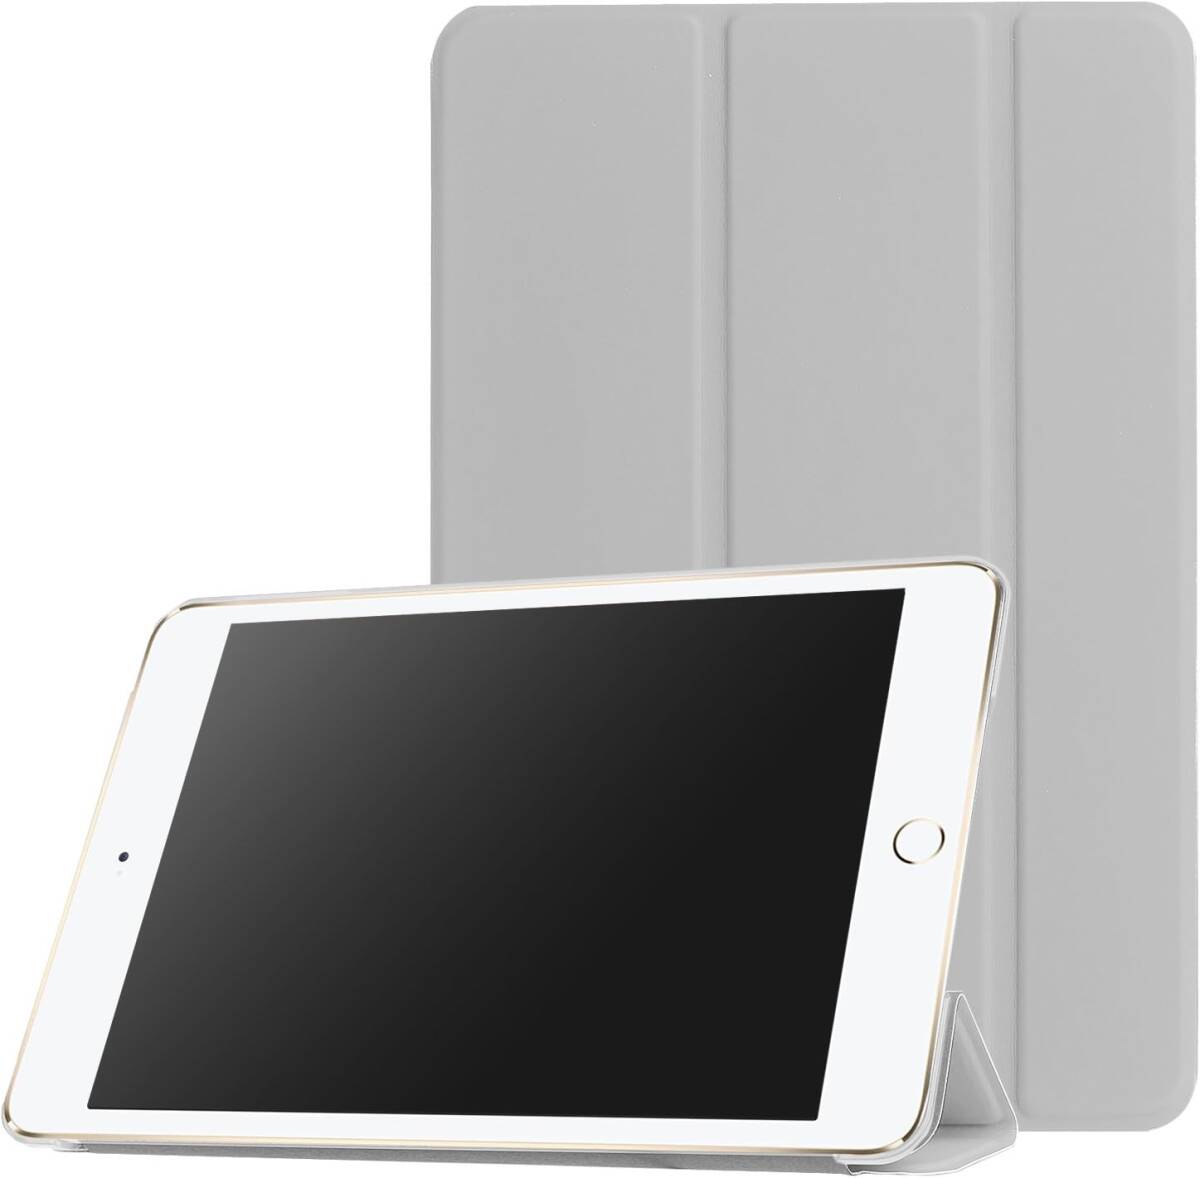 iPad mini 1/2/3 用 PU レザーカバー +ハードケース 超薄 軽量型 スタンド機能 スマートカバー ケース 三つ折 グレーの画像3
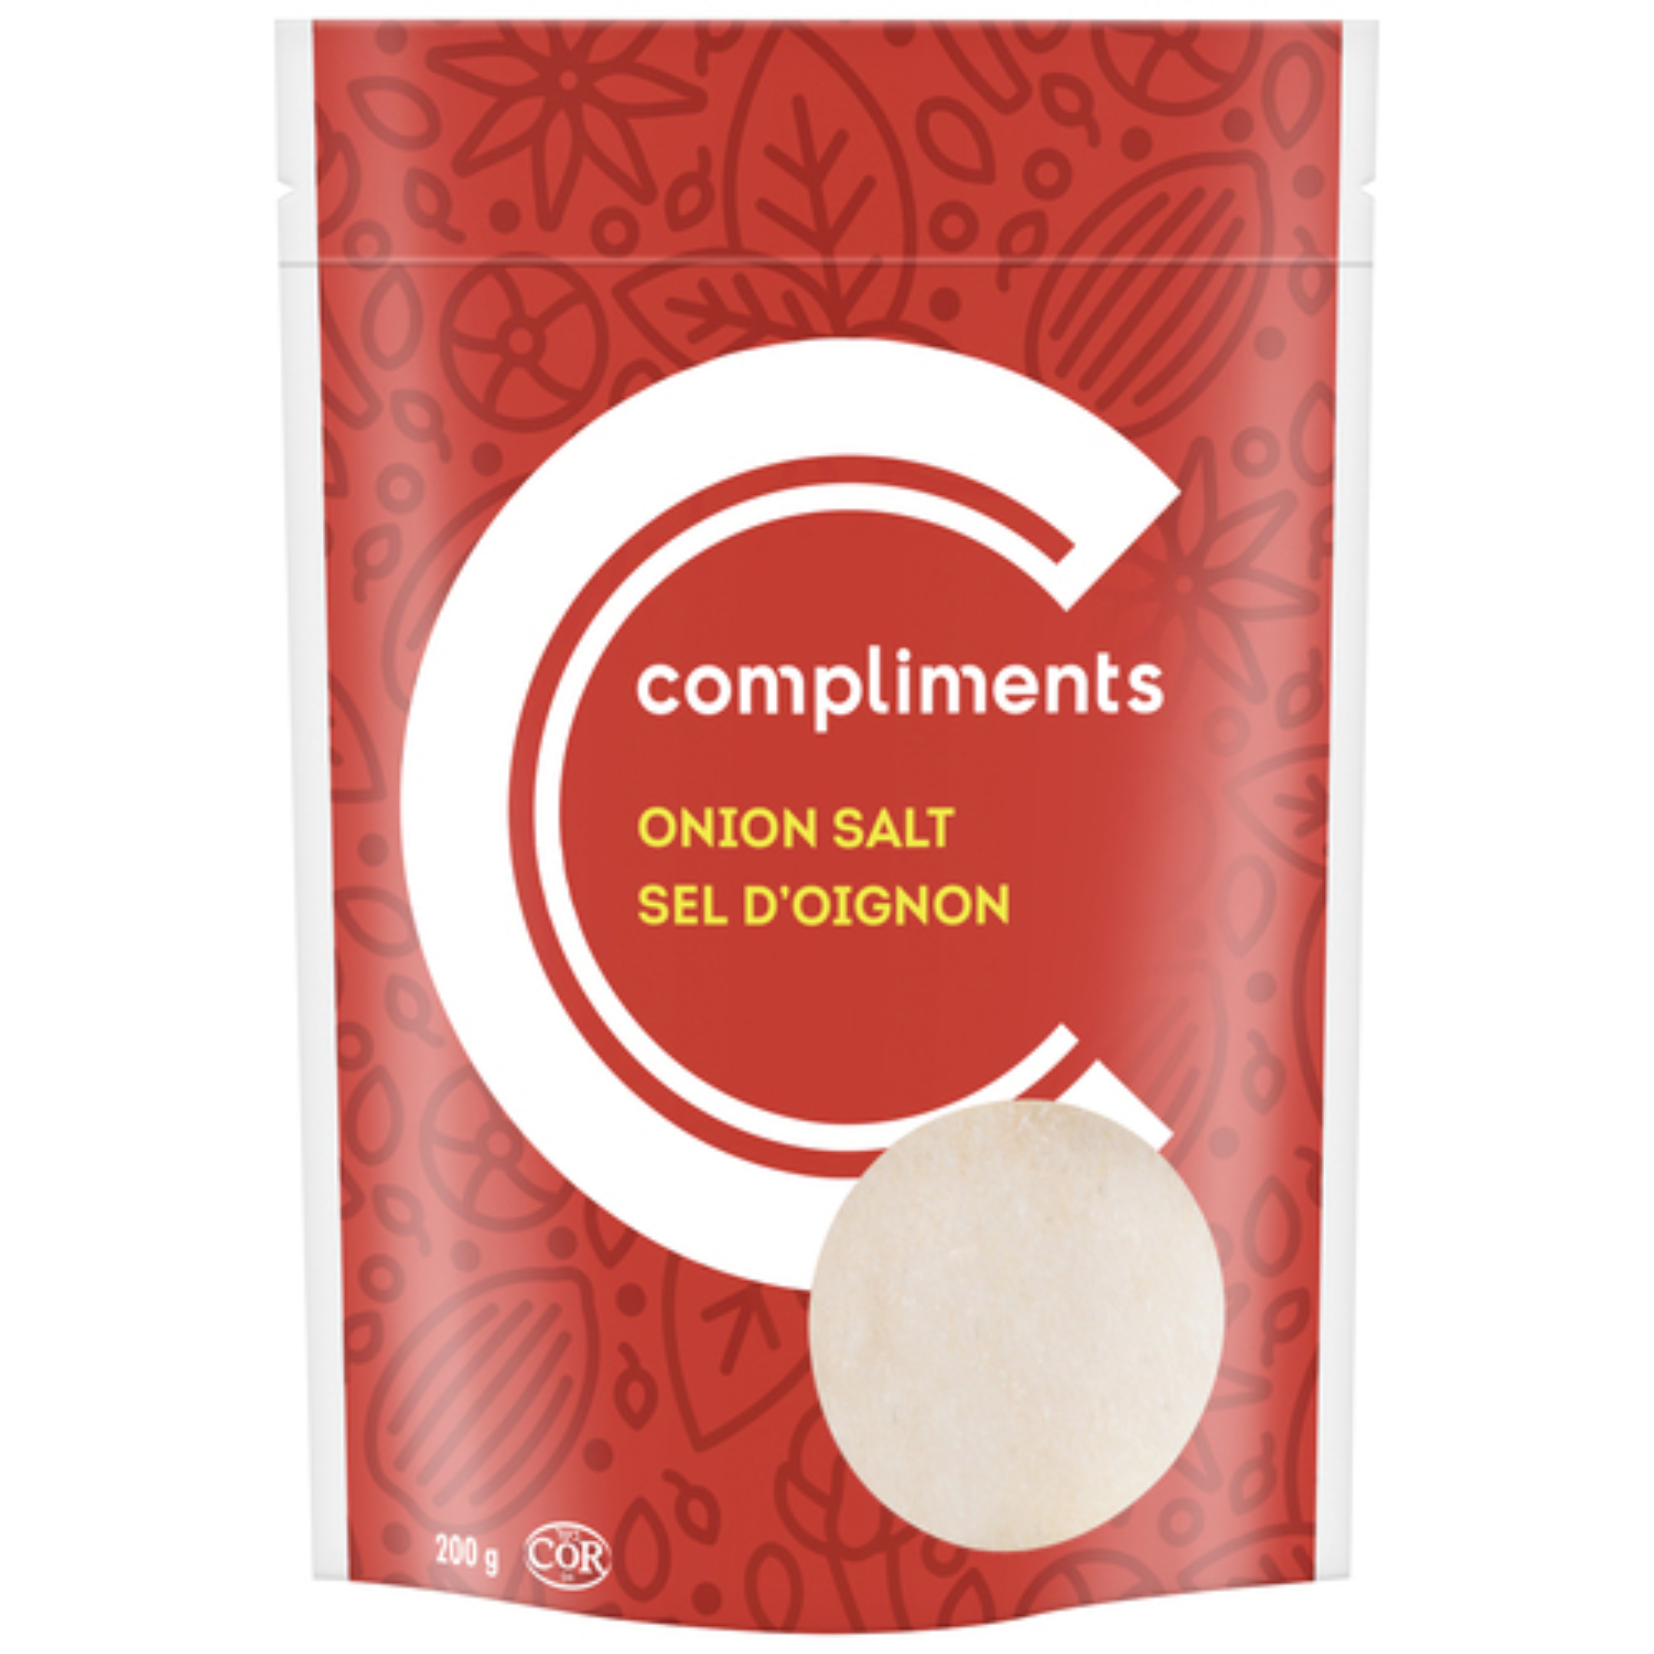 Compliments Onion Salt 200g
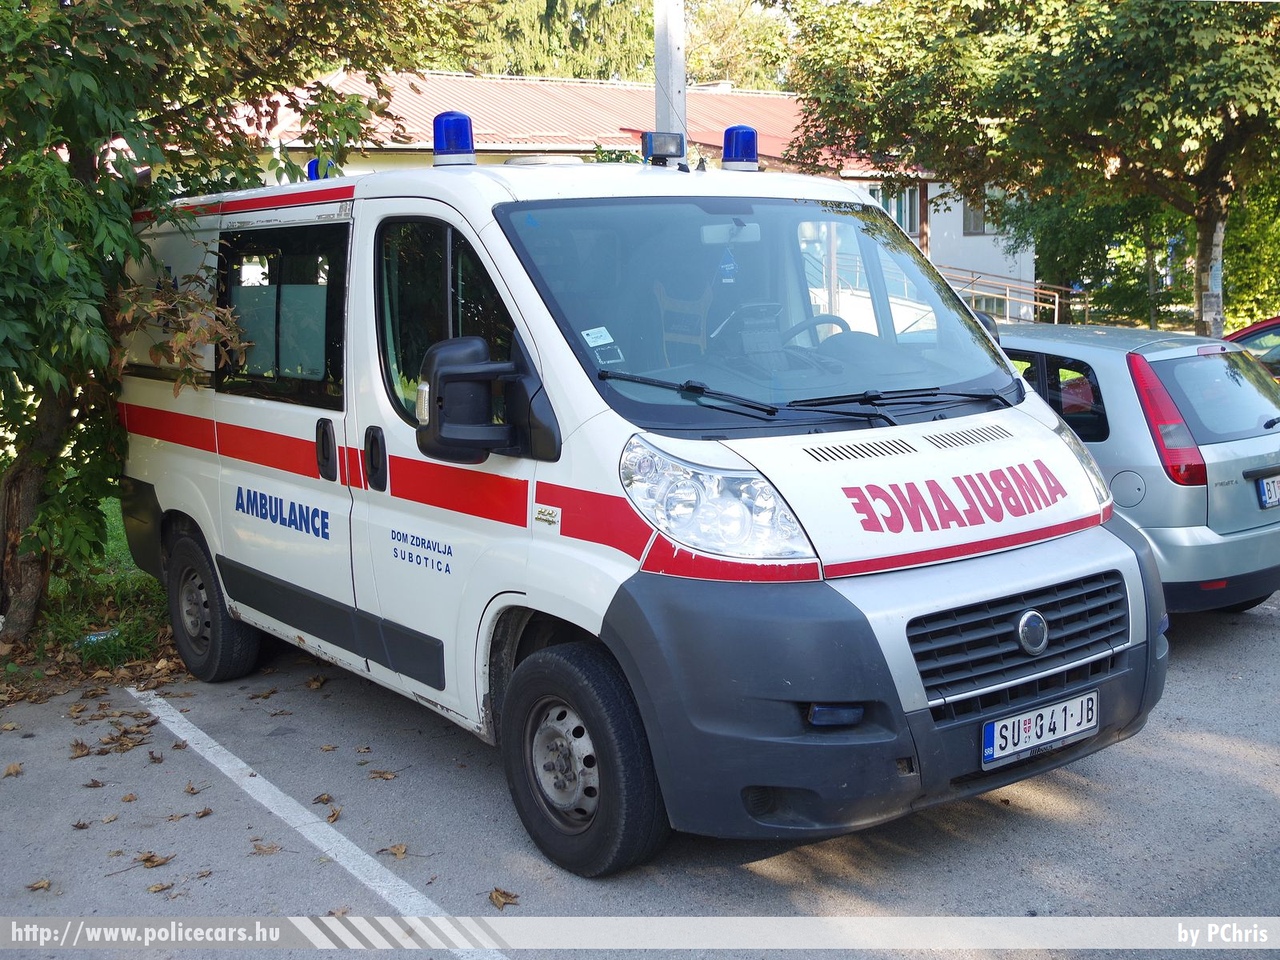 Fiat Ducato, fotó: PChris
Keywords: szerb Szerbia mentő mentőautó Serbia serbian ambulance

WORK TO COMPLETE:
Word for word, repeat the material above and drop the pictures.

RESPONSE AREA:
 iPad mini 1/2/3 用 PU レザーカバー +ハードケース 超薄 軽量型 スタンド機能 スマートカバー ケース 三つ折 グレーの画像3
 Compliments Onion Salt 200g
 Fiat Ducato, fotó: PChris
Keywords: szerb Szerbia mentő mentőautó Serbia serbian ambulance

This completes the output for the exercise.